• _Task to carry out_
Repeat word for word the lines starting at the one with "Minneapolis police say" and ending at the final line of the material, both ends included; omit pictures.

• _Material provided_
══════
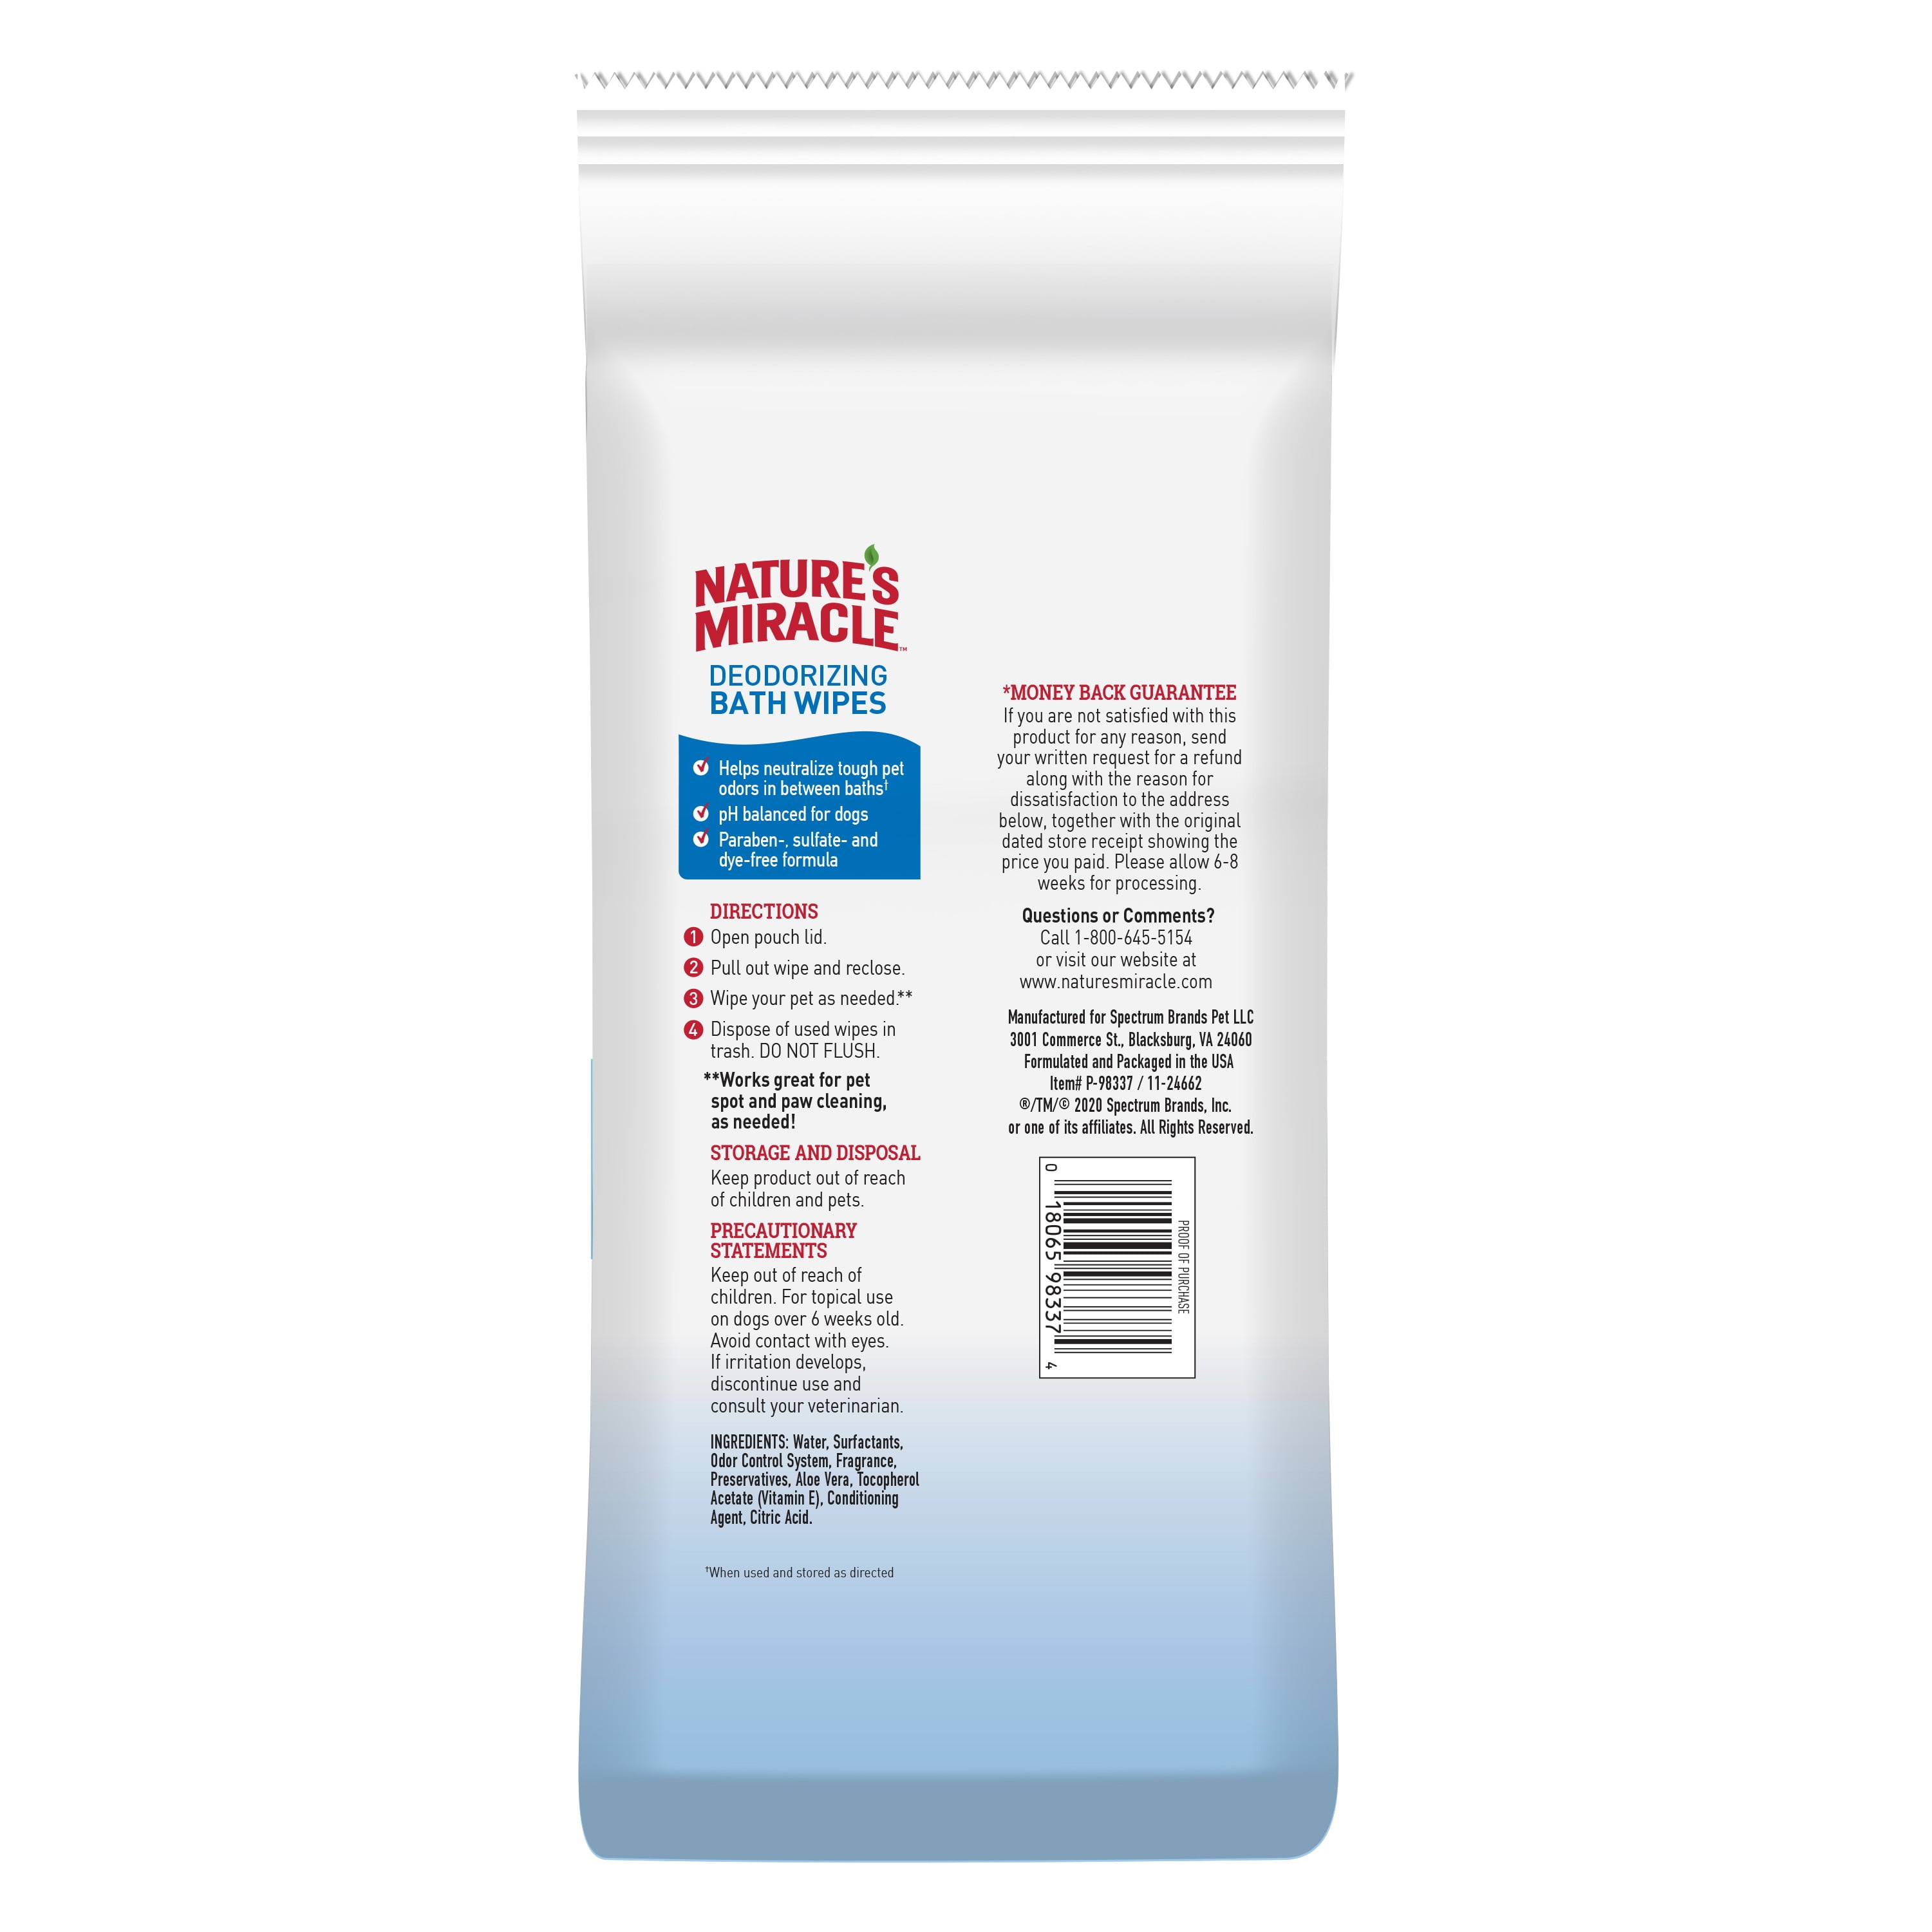 Natures Miracle Deodorizing Bath Wipes for Dogs Clean Breeze Scent
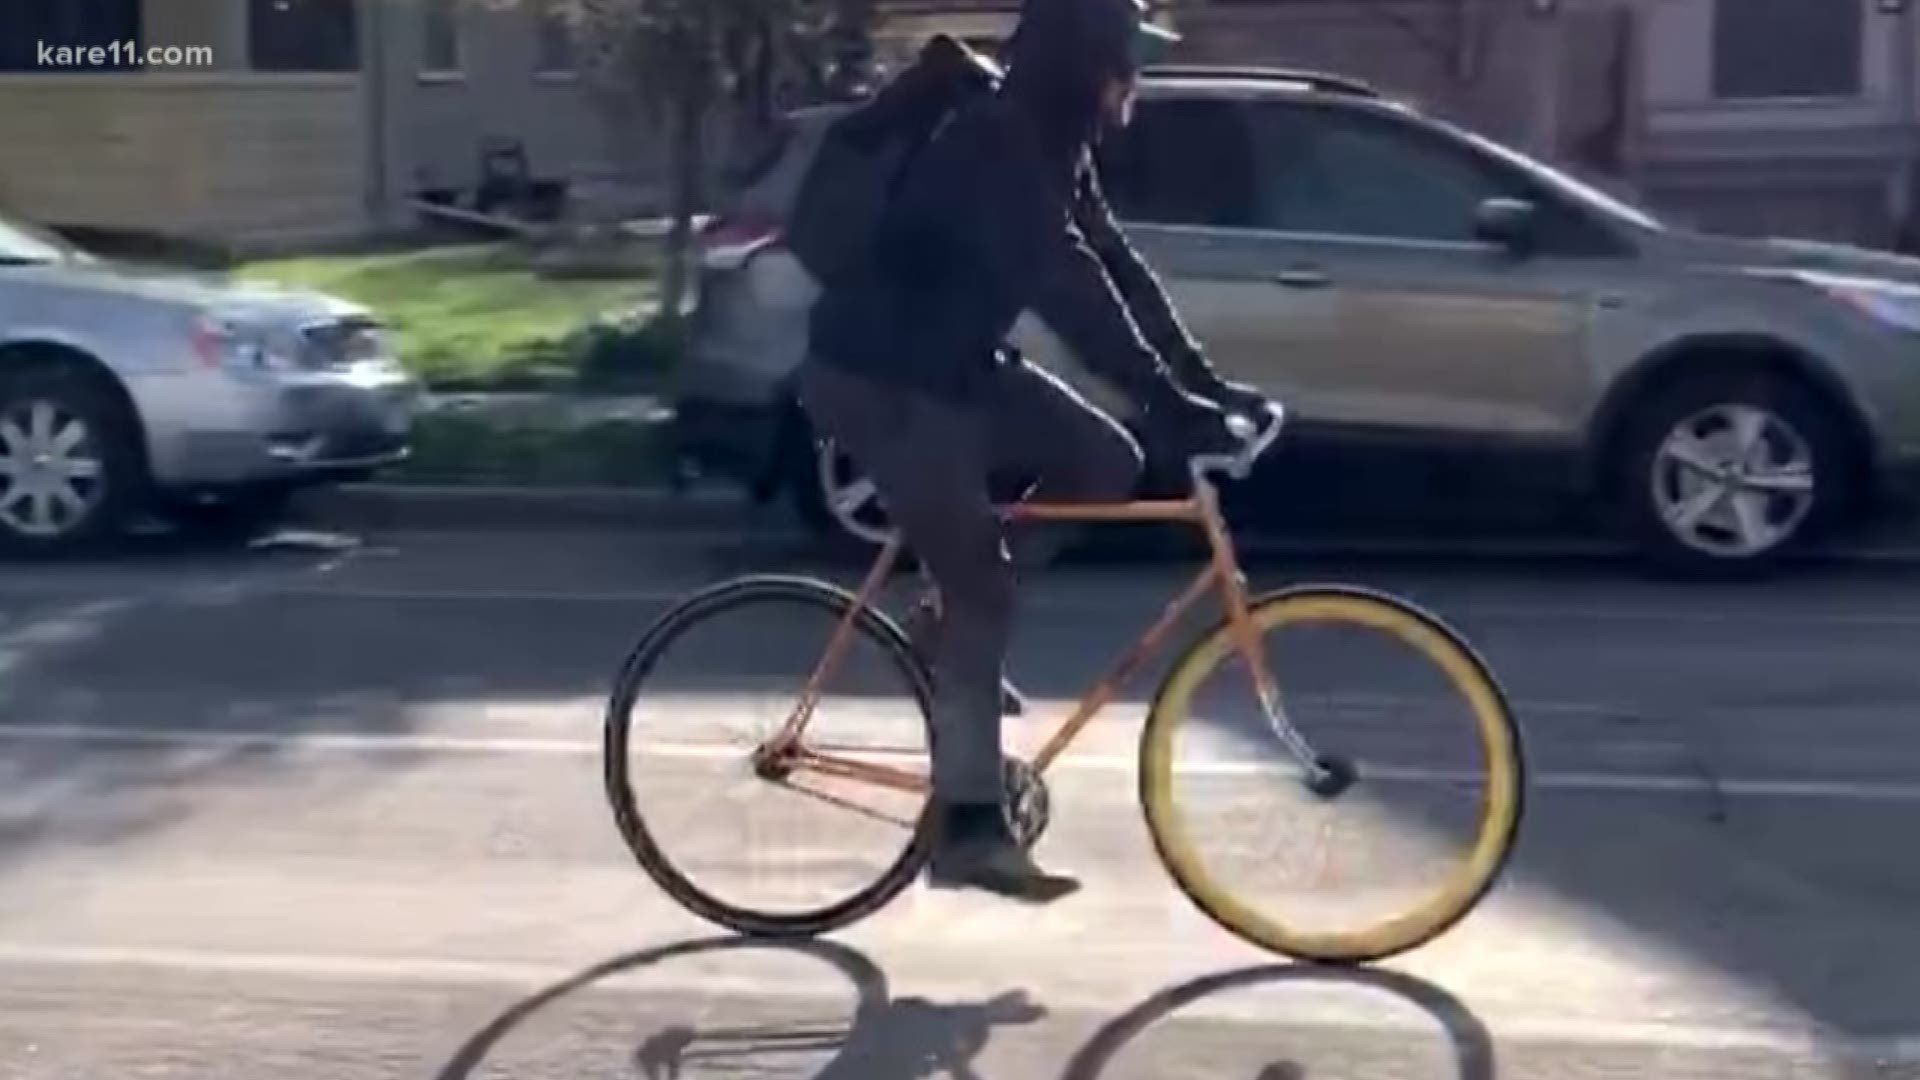 Minneapolis police say bicyclist in this latest case could be a "copycat."
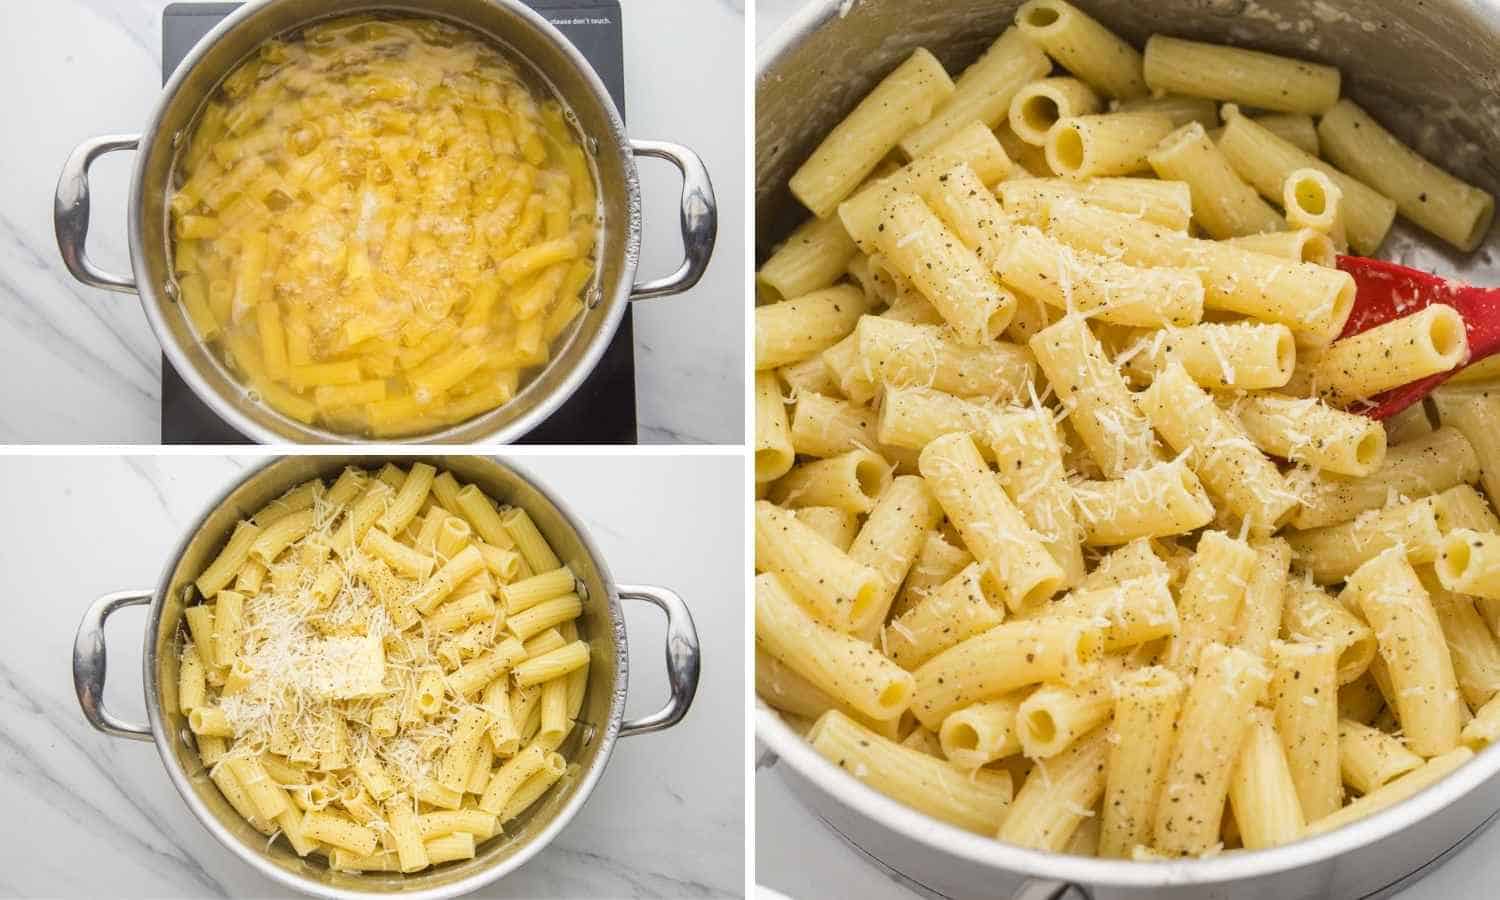 Collage of three images showing how to make buttered noodles
══════
• _Output below_
 Minneapolis police say bicyclist in this latest case could be a "copycat."
 Collage of three images showing how to make buttered noodles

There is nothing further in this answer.